Six years ago the United Nations Millennium Development Goals identified poverty reduction and essential aspects of human development to be at the core of economic development. The number one international development goal is to eradicate poverty and hunger and the second is to achieve universal primary education. The focus on income provides a clear way of assessing the extent of impoverishment for the sake of marking achievements and failures since data on non-income disparities can provide ambiguous results.
However, there is consensus among the international community that poverty, particularly long-term poverty, is a much more complex phenomenon. Universal primary education has been shown to be a crucial element in breaking the cross-generational cycle of poverty and a fundamental building block for sustainable development (United Nations, 2006). The poverty rate continues to rise in the United States. In 2000, the overall U. S. poverty rate was 9. 3%, and the poverty rate among female-headed households with children and no spouse was 35. 4%. By comparison, in 2005, the overall U. S. poverty rate was 10.1%, and the poverty rate among female-headed households with children and no spouse was 37. 6 percent (U. S. Census Bureau, 2006).

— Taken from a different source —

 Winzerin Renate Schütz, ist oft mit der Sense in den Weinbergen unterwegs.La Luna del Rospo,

“We must make two years of college – the 13th and 14th years of education – as universal for young Americans as the first 12 are today. And, we must make college affordable for all Americans” (Clinton, 1997). “The question I like to ask every child I visit in the classroom is, ‘Are you going to college? ‘ In this great country, we expect every child regardless of how he or she is raised, to go to college. That’s the goal we want every child to have” (Bush, 2001).
Yet, despite the inspiring policy pronouncements of both Presidents Clinton and Bush, the United States has not extended this commitment of educational opportunity to recipients of the nation’s welfare program. In fact, recent policy has placed welfare recipients in a class by themselves – denied the opportunities to pursue this traditional avenue of upward mobility (Center for Women Policy Studies, 2002). Thus, a discussion of the benefits education may yield in a capitalistic society, which value independence will provide information towards providing opportunities for impoverished family members on welfare.

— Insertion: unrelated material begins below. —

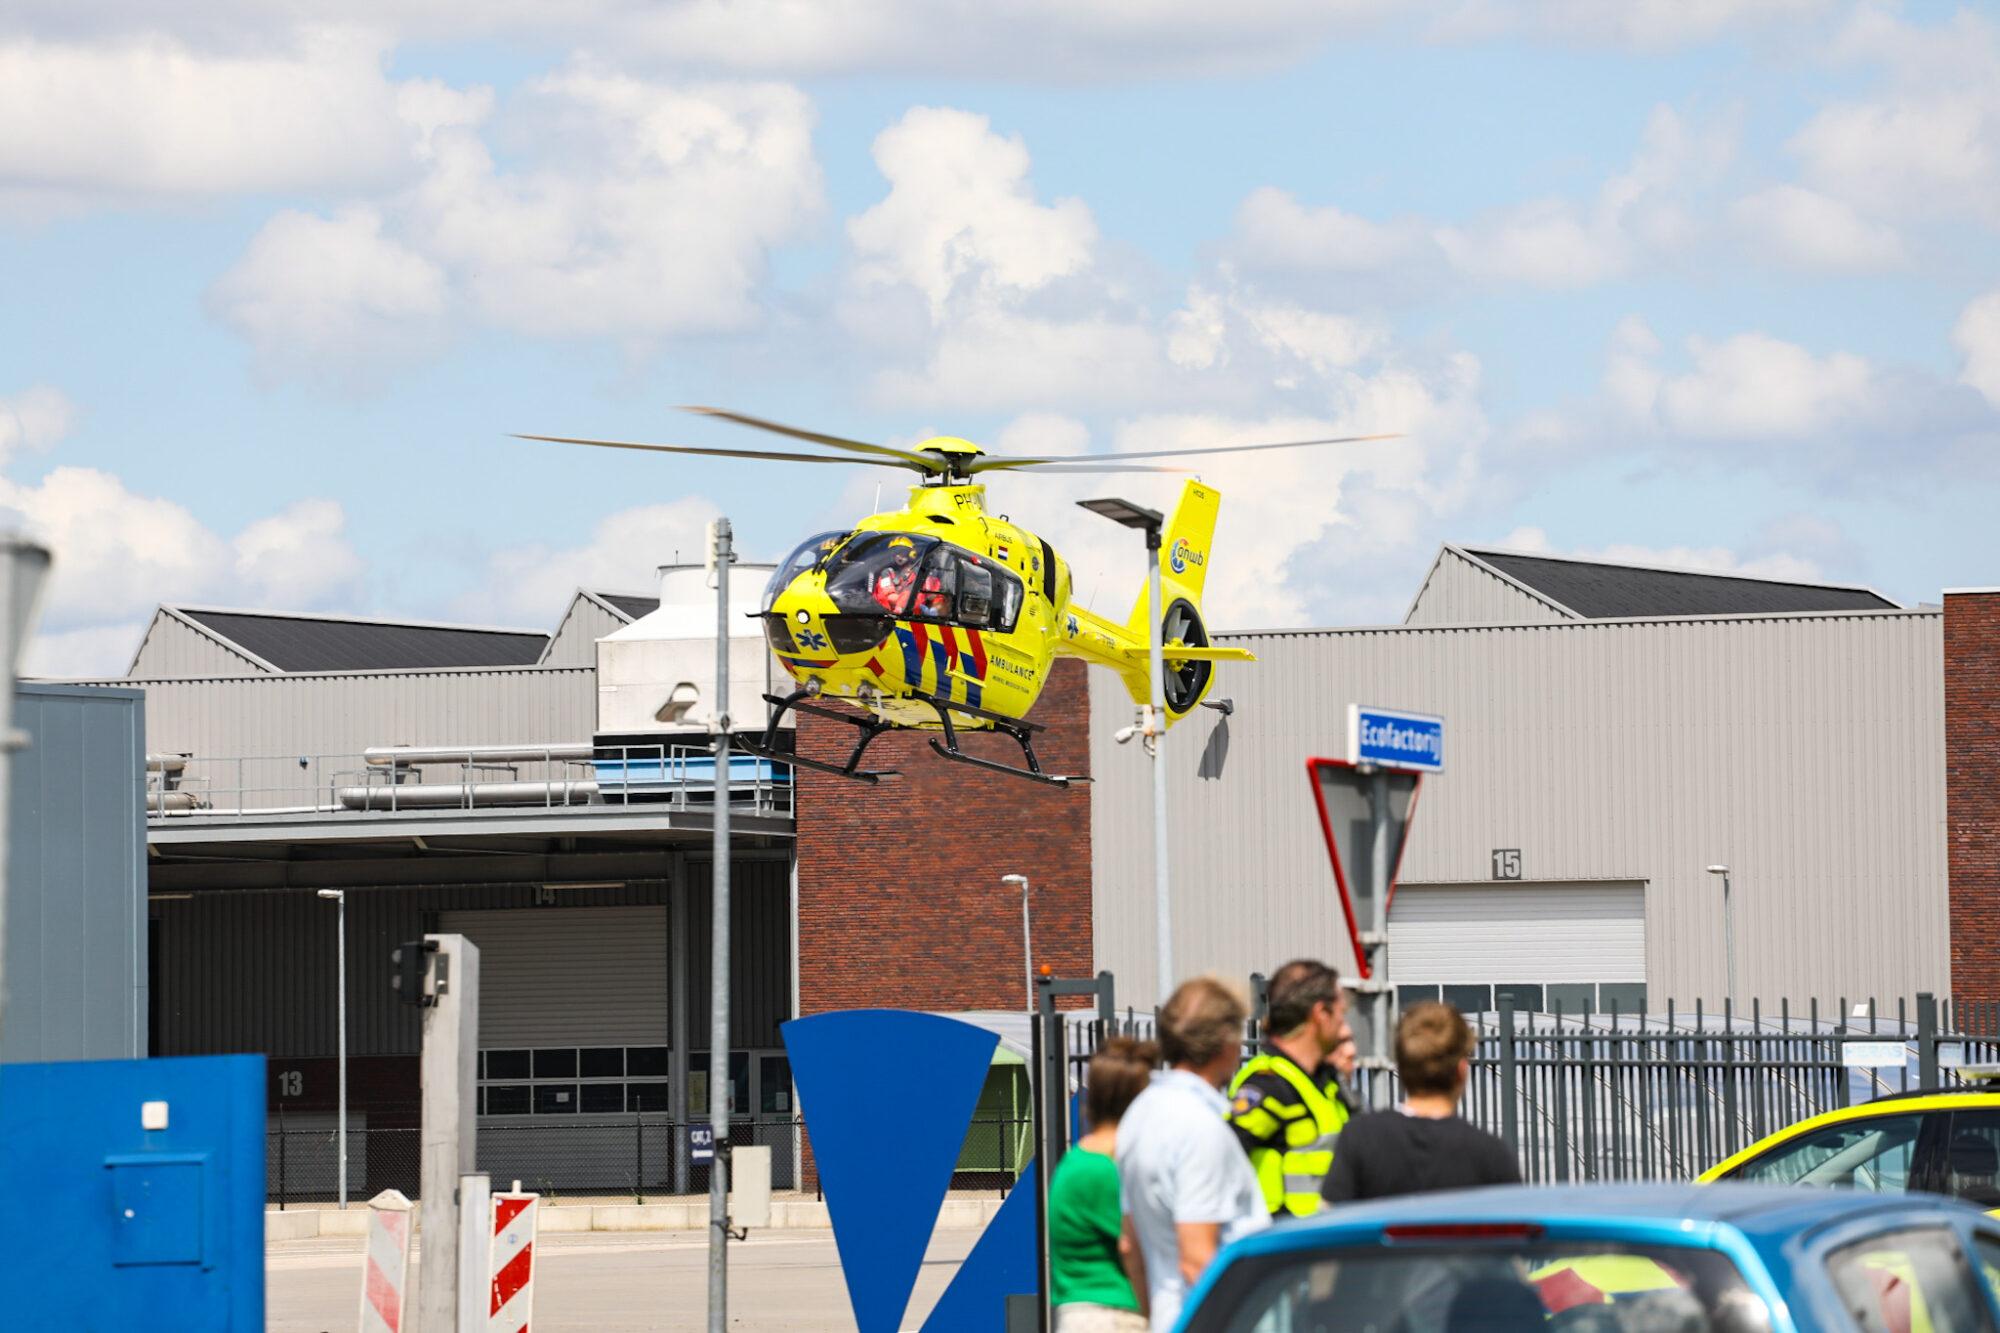 Ernstig ongeval op industrieterrein in Apeldoorn

This paper examines and discusses how education is important to the poor to get rid of poverty in America. Then it discussed the importance higher education may have with former welfare recipients as individuals and society as a whole. Poverty and Welfare System in U. S. From the inception of the U. S. welfare system, a dichotomy of opinion has existed regarding how to reform this system. Policy-makers disagree about the best way to move people from the welfare roles and into productive work that will enable them to escape poverty. As a result, two primary strategies to welfare reform exist; they are “education-first” and “work-first”.
Gueron and Hamilton (2002) described proponents of “education-first” as adherent to placing adults on welfare into postsecondary or vocational training programs before requiring them to work. These proponents view reforms that substitute work for welfare as insufficient if there is no increase in income. Proponents of “work-first” strategies place greater emphasis on reducing the welfare roles and saving government money. These proponents advocate strategies that move people quickly into jobs, even if the jobs pay low wages and do not offer job-related benefits.
Furthermore, proponents of “work-first” argue that in any labor market, the welfare population will remain in poverty regardless of their educational experiences (Gueron & Hamilton, 2002). Moreover, Gueron and Hamilton reported that these two welfare strategies are an ongoing effort to balance two goals, reducing poverty and ending government dependency, and that policymakers on all sides favor these goals. However, policy-makers disagree on which strategy, “education-first” or “work-first”, will be the most effective in achieving the goals of reducing poverty and ending government dependency.
The passage of The Personal Responsibility and Work Opportunity Reconciliation Act (PRWORA) in 1996 replaced the AFDC program with the Temporary Assistance for Needy Families (TANF) program. The Personal Responsibility and Work Opportunity Reconciliation Act marked a transformation in welfare reform that resulted in a change from an “education-first” strategy to a “work-first” strategy. Subsequently, welfare recipients were encouraged to obtain a job rather than to seek adult educational experiences in order to receive program assistance.
President Clinton and most members of Congress believed that for the first time since its creation in 1935 that a reasonable and workable welfare strategy had been chosen to encourage and enable welfare recipients to escape poverty (Perkins & Homer, 2002). Job Attainment Jobs are considered the cornerstone of escaping poverty. Perkins and Homer (2002) reported most poor people work and wages accounts for the major source of income for poor people. Thus, an impoverished individual’s ability to obtain a job is essential to understanding his/her ability to live above the poverty line.
In addition, job attainment is the final goal and outcome TANF measures for its recipients. Earned Income According to Perkins and Homer (2002), current welfare recipients earn an average $6. 78 per hour; thus many recipients remain in poverty and are considered the working poor. The working poor refer to people who are employed and earn wages but still live below the poverty line. Some are employed full-time, and some are employed half-time. However, wages make up the main portion of their family’s income (Perkins and Homer, 2002).